Salazar took his turn. “If you’re worried that the codex will be locked away where it won’t be studied by scientists, don’t be. The codex will be in a museum and scientists will be able to apply for access to it just as they do all over the world. Miss Allersby simply wants to be the legal owner and is willing to protect you from any litigation or government inquiry.”

“I’m very sorry,” Sam said, “but we can’t sell what we don’t own. The codex has to go to the Mexican government. I believe there’s information in it that might be used by grave robbers, pot hunters, and thieves to locate and destroy important sites before archaeologists could ever hope to reach them. We’re not rejecting your offer, we’re rejecting all offers.”

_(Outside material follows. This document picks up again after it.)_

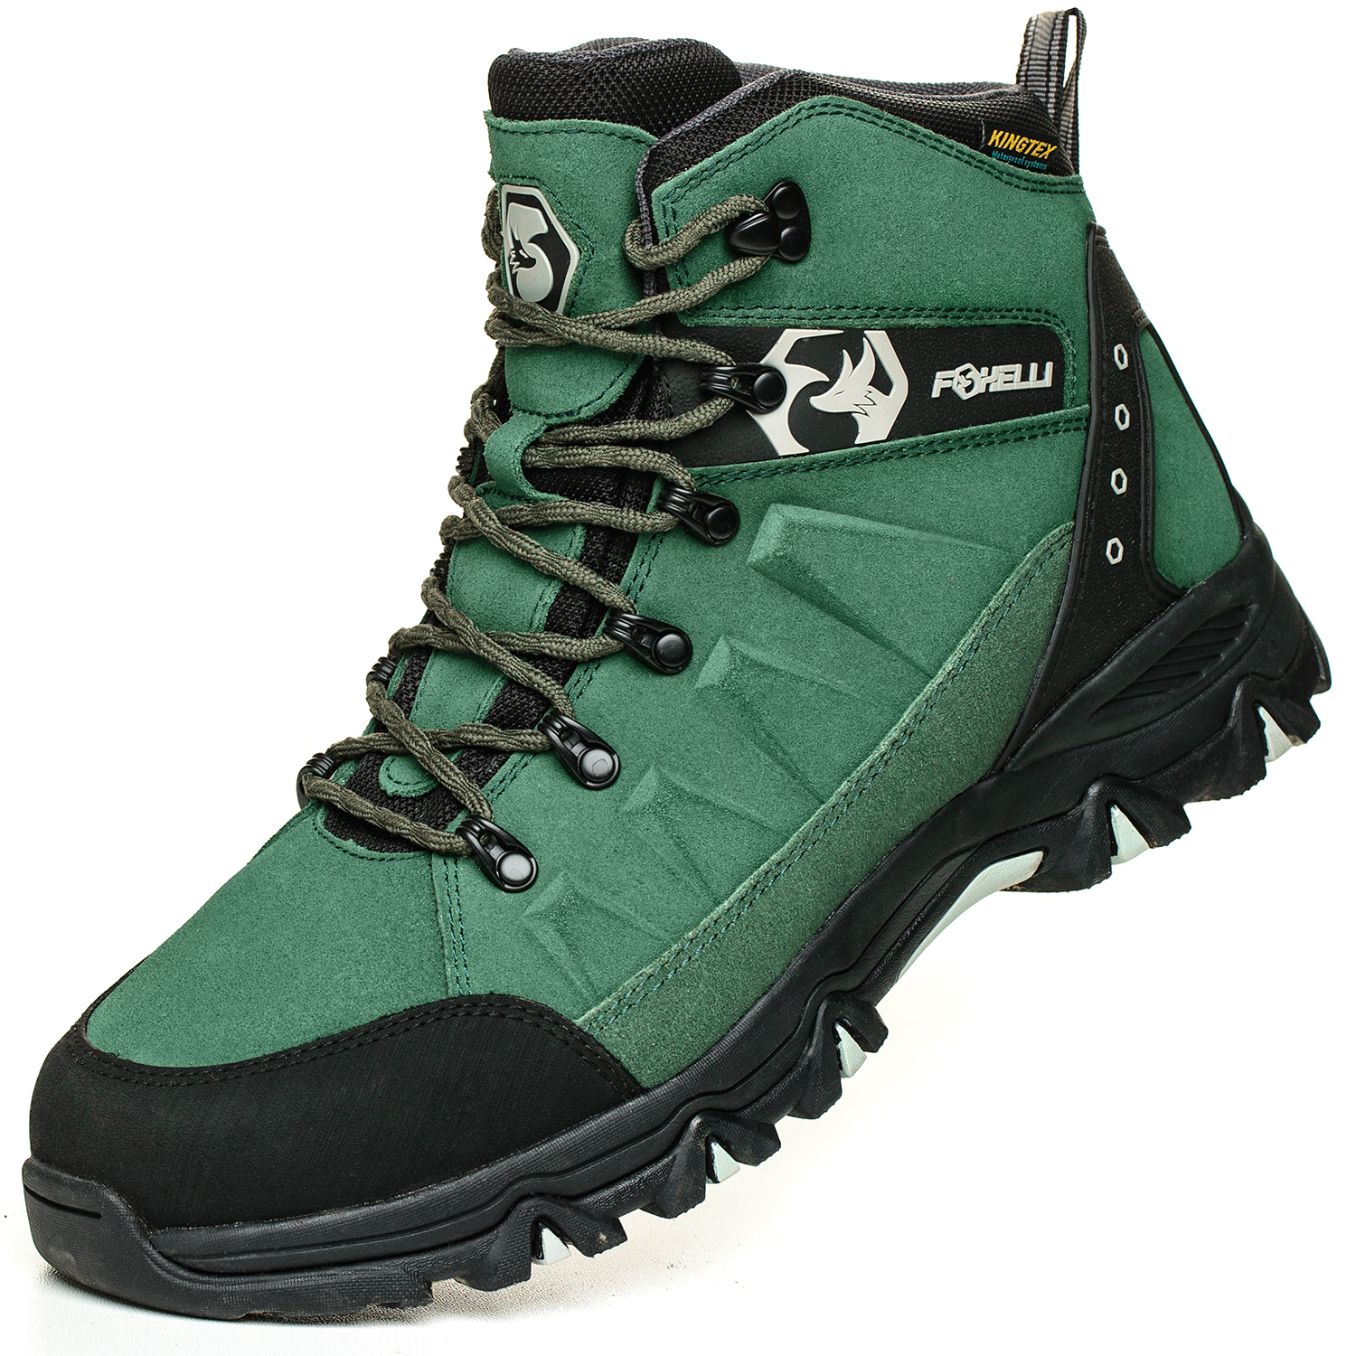 green hiking shoes

Sarah Allersby stood and looked at her watch. “We’ve got to be going, I’m afraid.” She sighed. “I made you such a large offer because I didn’t want to wait years to buy it from some Mexican institution at auction. But if waiting is necessary, I can do that. At some point, rationality sets in, and bureaucrats realize that a whole new library is better than one old book. Thank you for the tea.”

She turned and in a moment she was out the door. Her lawyers had to hurry to get out and down the sidewalk in time to open the car door for her.

Remi said, “I have a feeling about her.”

“So do I.”

Zoltán stared out the window at the limousine and growled.

Sam and Remi walked back to the climate-controlled room, put on surgical gloves again, took the pot and the codex and carried them out. They went through the secret door in the bookcase, down the stairs to the lower level of the new firing range. Sam opened the gun cabinet, put the codex on a shelf with the pot, closed the safe, and spun the dial of the lock.